天魔苏醒之卷(第18/54页)
凶手用的,乃是兰陵萧氏的拂梅手。
兰陵萧氏不是一个寻常姓氏。这一族源出齐梁皇族,隋炀帝之后萧氏就出自这一族,而当今名臣尚书左仆射萧瑀就是萧后之弟,也是这一族中人。不过令天子最为忌惮的却是这一族中的萧铣一支。隋末,萧铣自称梁王,拥兵四十万,是大唐最大的劲敌之一。武德四年,高祖李渊遣李孝恭与李靖进击,结果李靖献奇计一月攻破梁都江陵,萧铣开城投降。只是李渊忌惮萧铣,仍然将他斩杀。萧铣临死前,发誓与李唐不同戴天。萧氏后人大多习文,习武者就只剩萧铣这一支了,所以当拂梅手出现,一定使得天子大为吃惊。正是为此,李将军是决不会放过明崇俨的。假如要让明崇俨不至于被卷入这事中,唯一的办法就是抢在李将军之前破了这件案子。可是这话说说简单,要做到实在谈何容易,自己真能做到么?
沈天卫见裴行俭仍是不言不语,只道自己说错了话,干笑了两声道:“李将军神通广大,属下实在不该多嘴。裴街使,我们是不是先回去?”
裴行俭忽地抬起头,道:“等等,我再看看。”
他大踏步走到那具死尸跟前,道:“把他的衣服解开吧。”
沈天卫呆了呆,道:“解开他的衣服?裴街使,这尸身上还有什么异样么?”尸身已经僵直,要脱衣服很不容易,所以只是解开了衣带看了看身上有无伤痕。听裴行俭说要把死尸身上的衣服解开,他自是吃惊。

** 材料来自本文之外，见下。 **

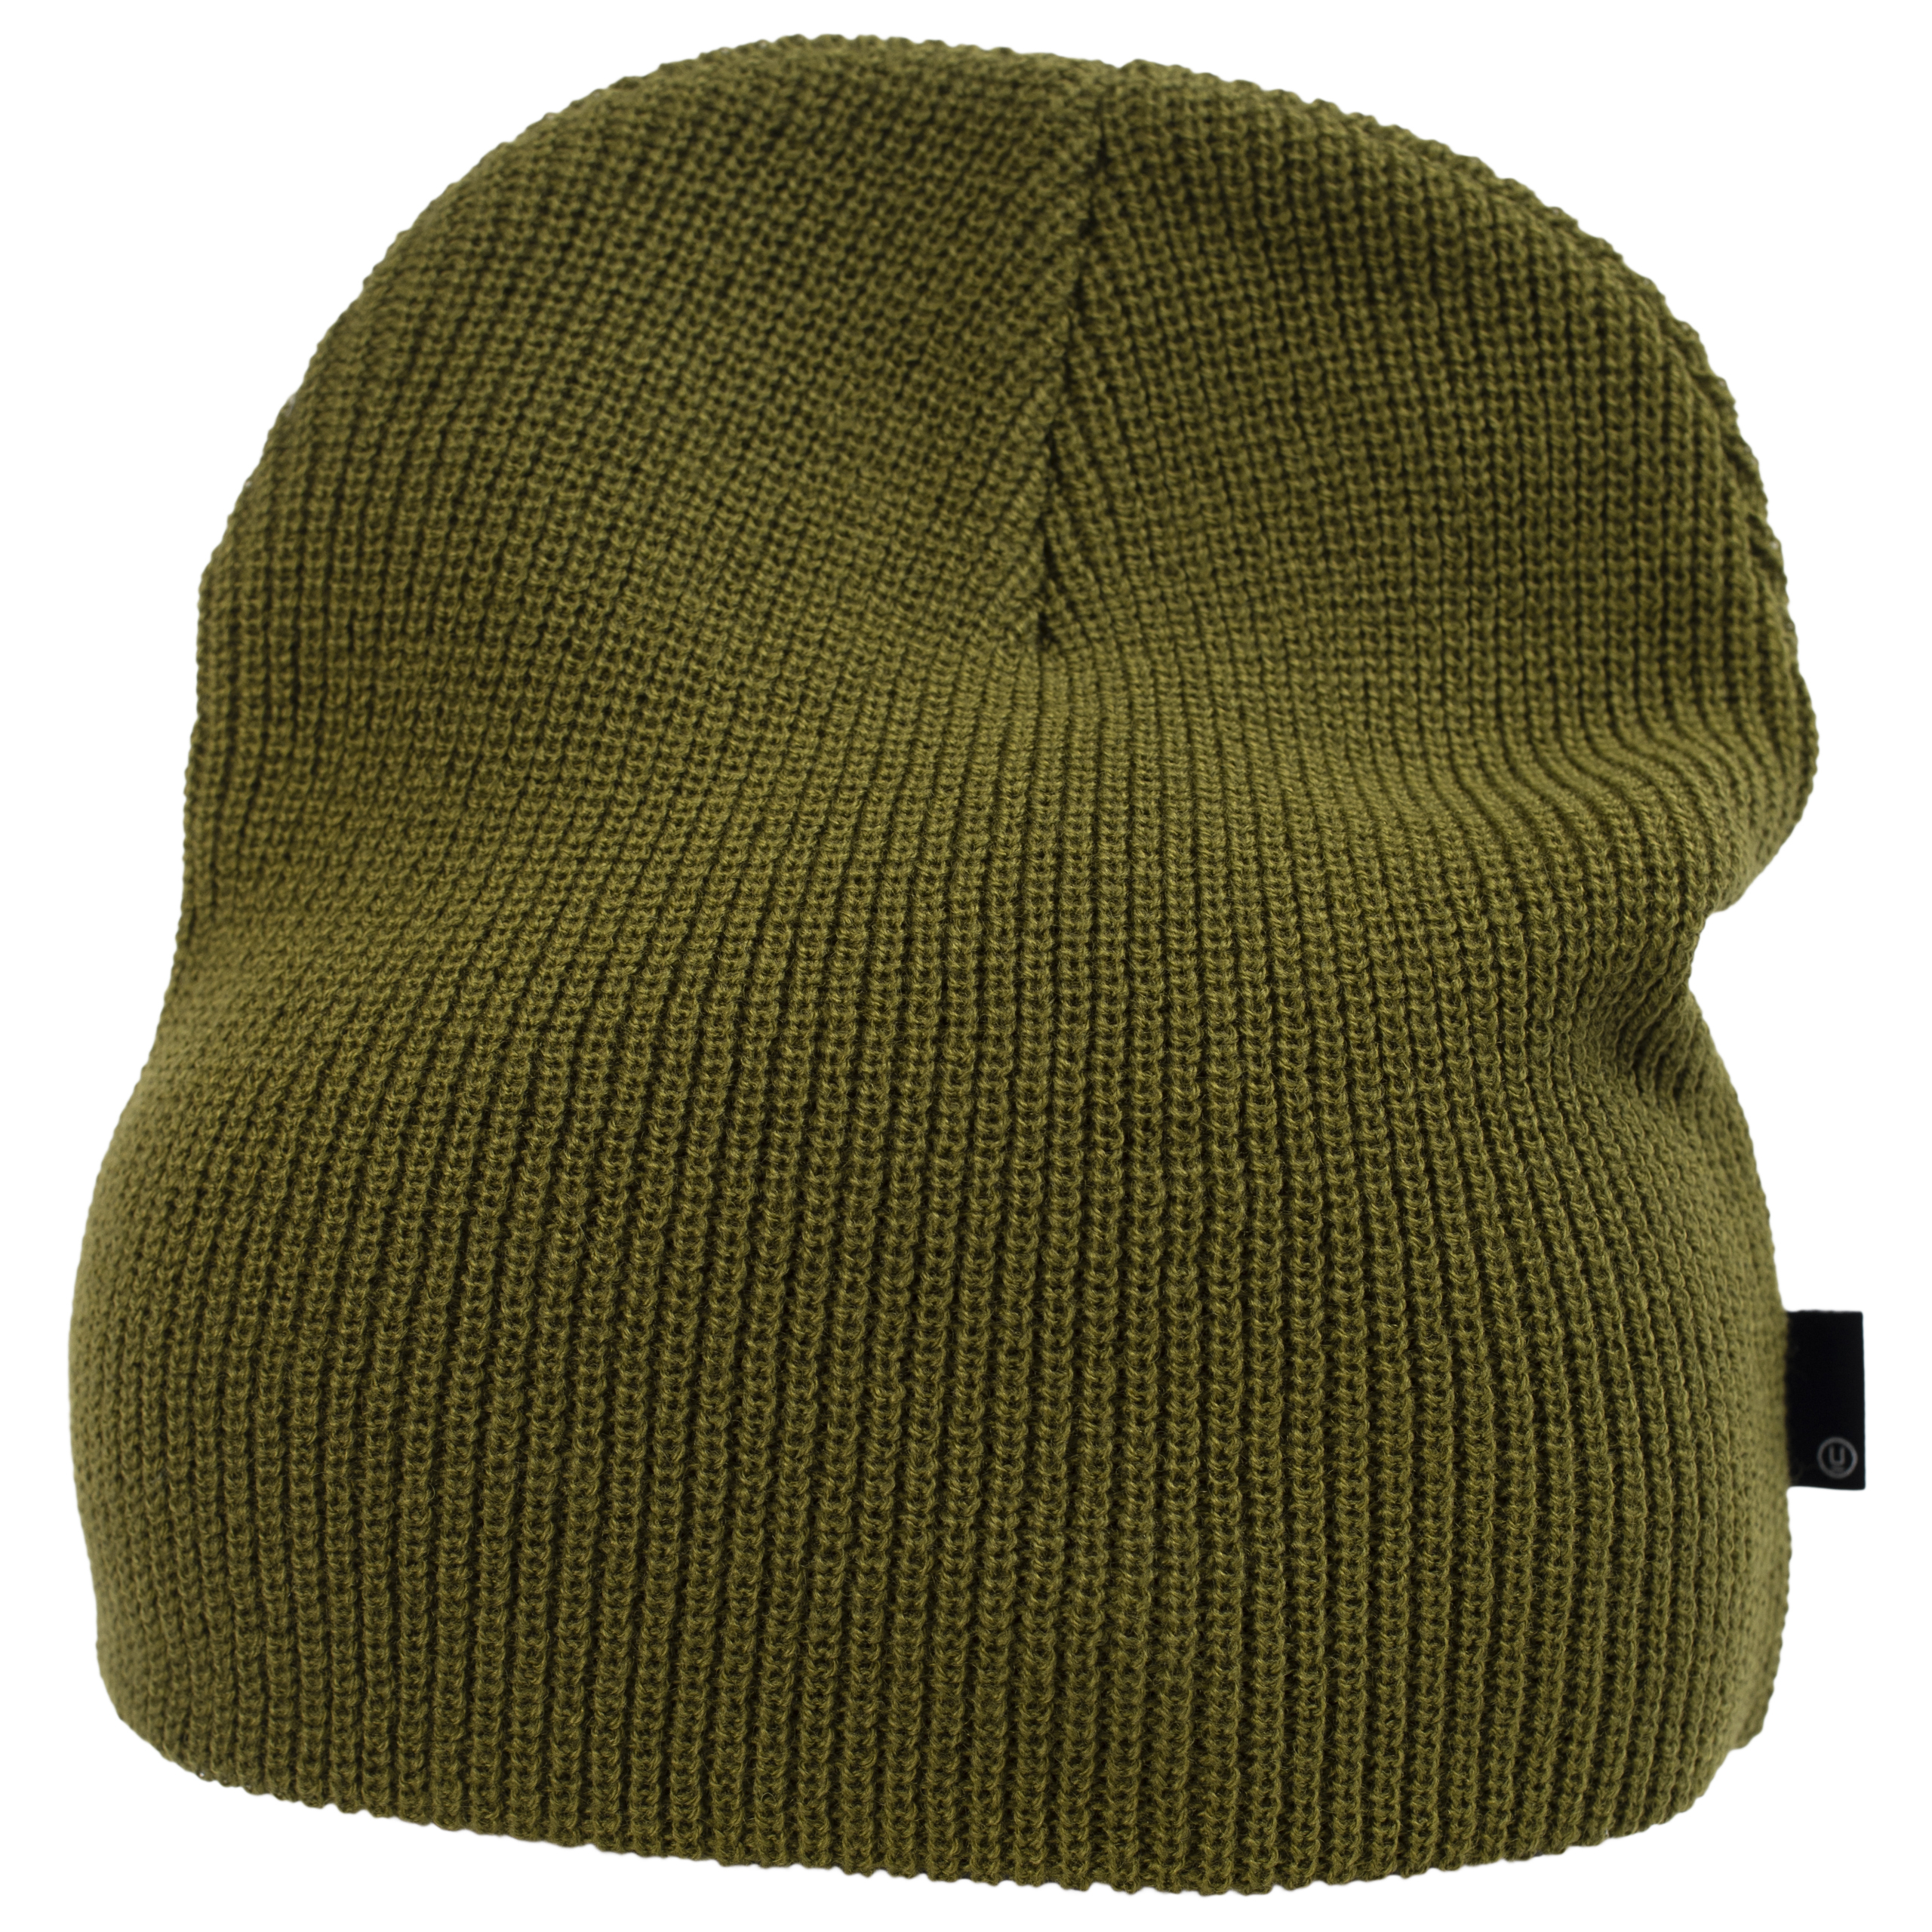 Вязаная шапка цвета хаки Undercover UC2A4H03/khaki, размер One Size

裴行俭已经拉开了衣带,把尸体上的外套解下来,道:“不是。”他将那外套展开了,这衣服是一件做工相当考究的缎子长袍,因为曾放在雪水里,上面沾着些泥污,此时却已干了。裴行俭轻轻一抖,“啪”一声,袍子上那些干了的泥屑居然纷纷掉落,一件衣服又变得相当清洁。沈天卫见此情景吃了一惊,叫道:“这是什么料子?”

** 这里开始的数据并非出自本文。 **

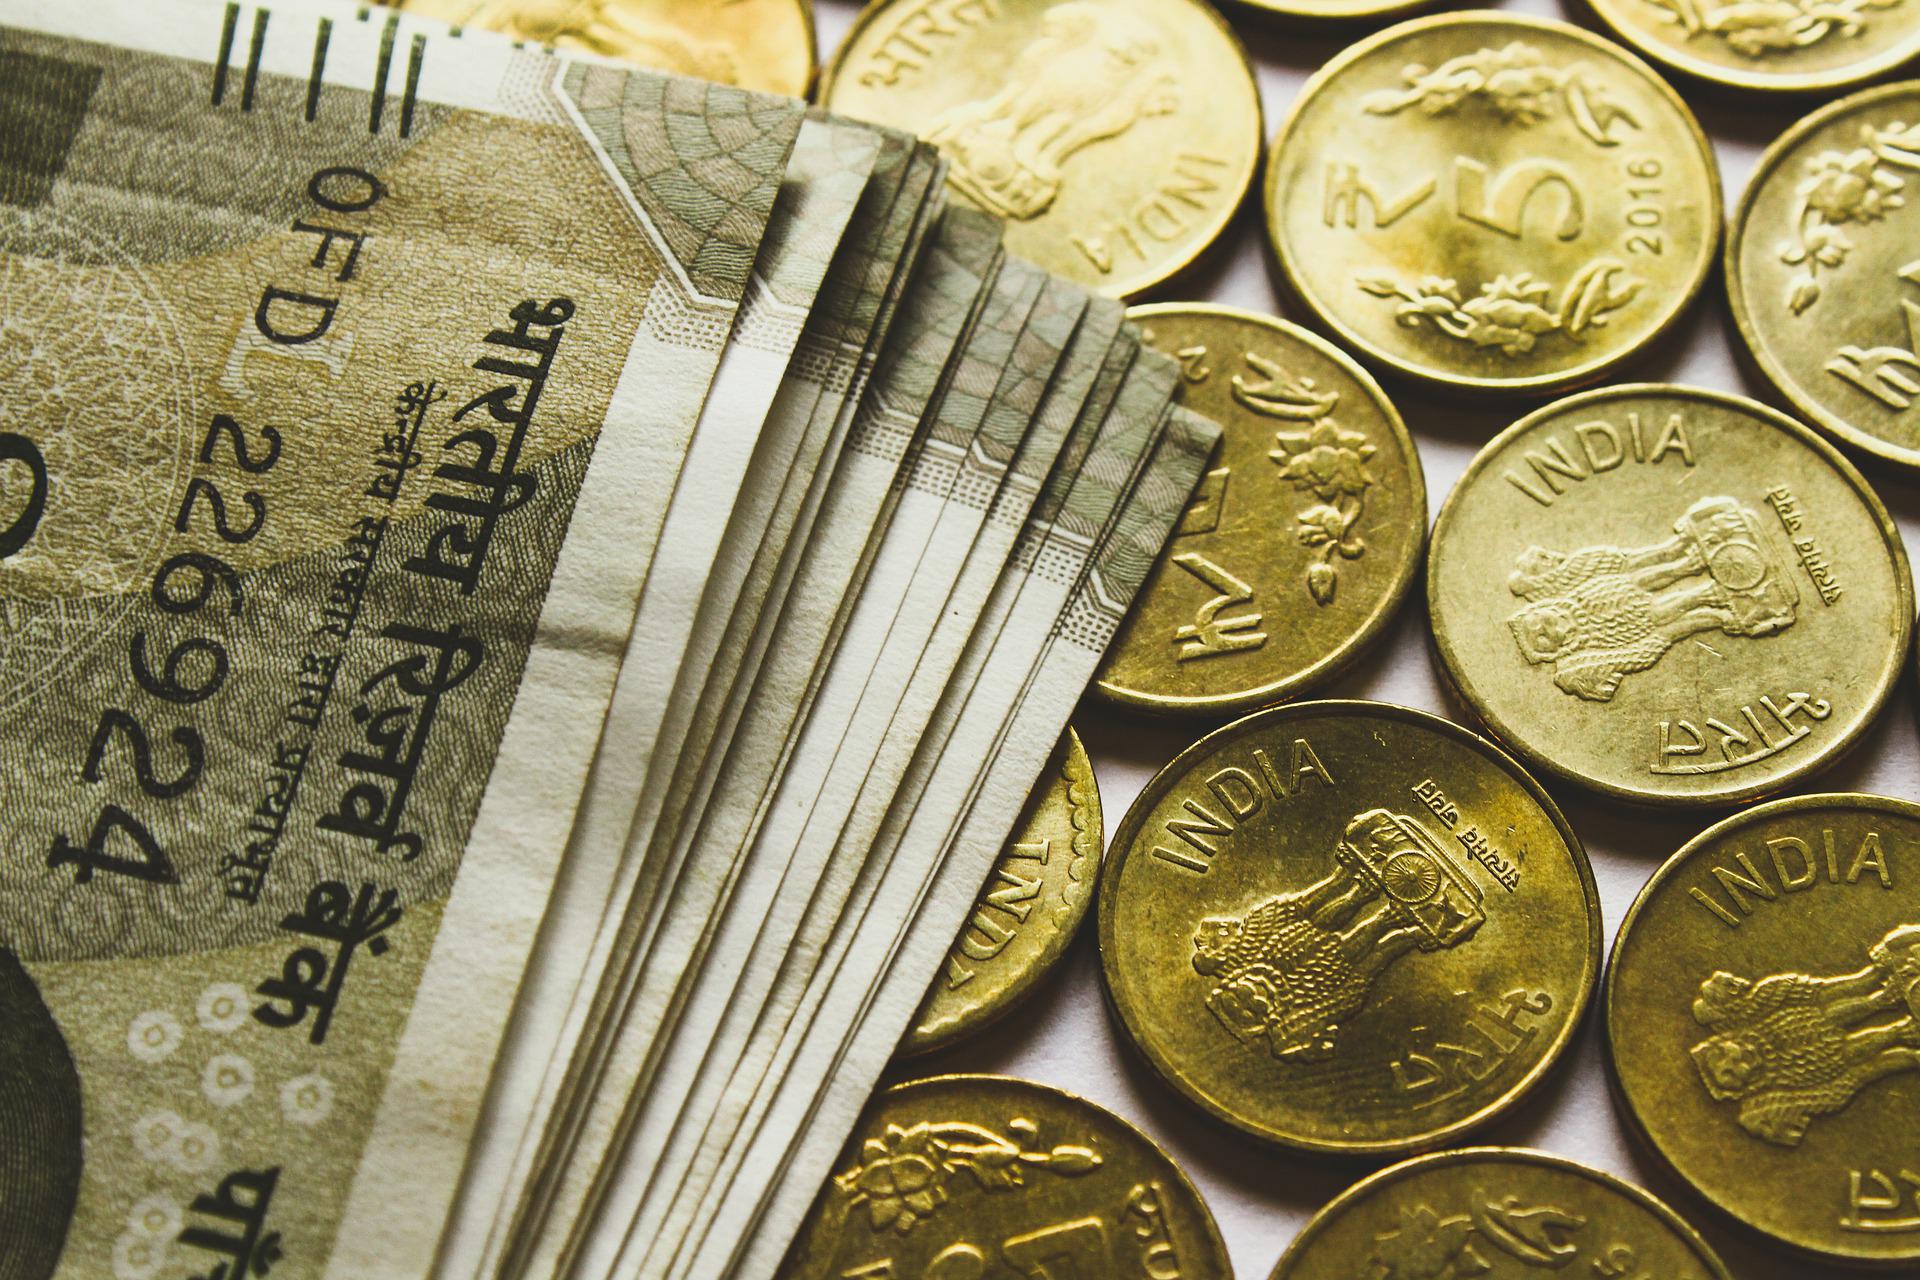 Tamil Nadu: OPS seeks to retain control of AIADMK bank accounts

“此人身上的衣料可不同寻常,就算长安城里能穿这种衣服的人也不是很多。假如我们拿到几家大的绸缎行里去问问,应该能问出些端倪来。”
沈天卫眼中一亮,道:“假如这衣服原先并不是这尸首身上的,说不定……”他恍然大悟,越想越是兴奋。如果真是如此,应该马上就能查出凶手了。裴行俭却摇了摇头,道:“这件缎子长袍貌不惊人,看上去也没什么特异,显然不是那凶手的,不然凶手决不会让它还穿在这尸首身上。”他将袍子折了两下,叠成一块,道:“走吧。”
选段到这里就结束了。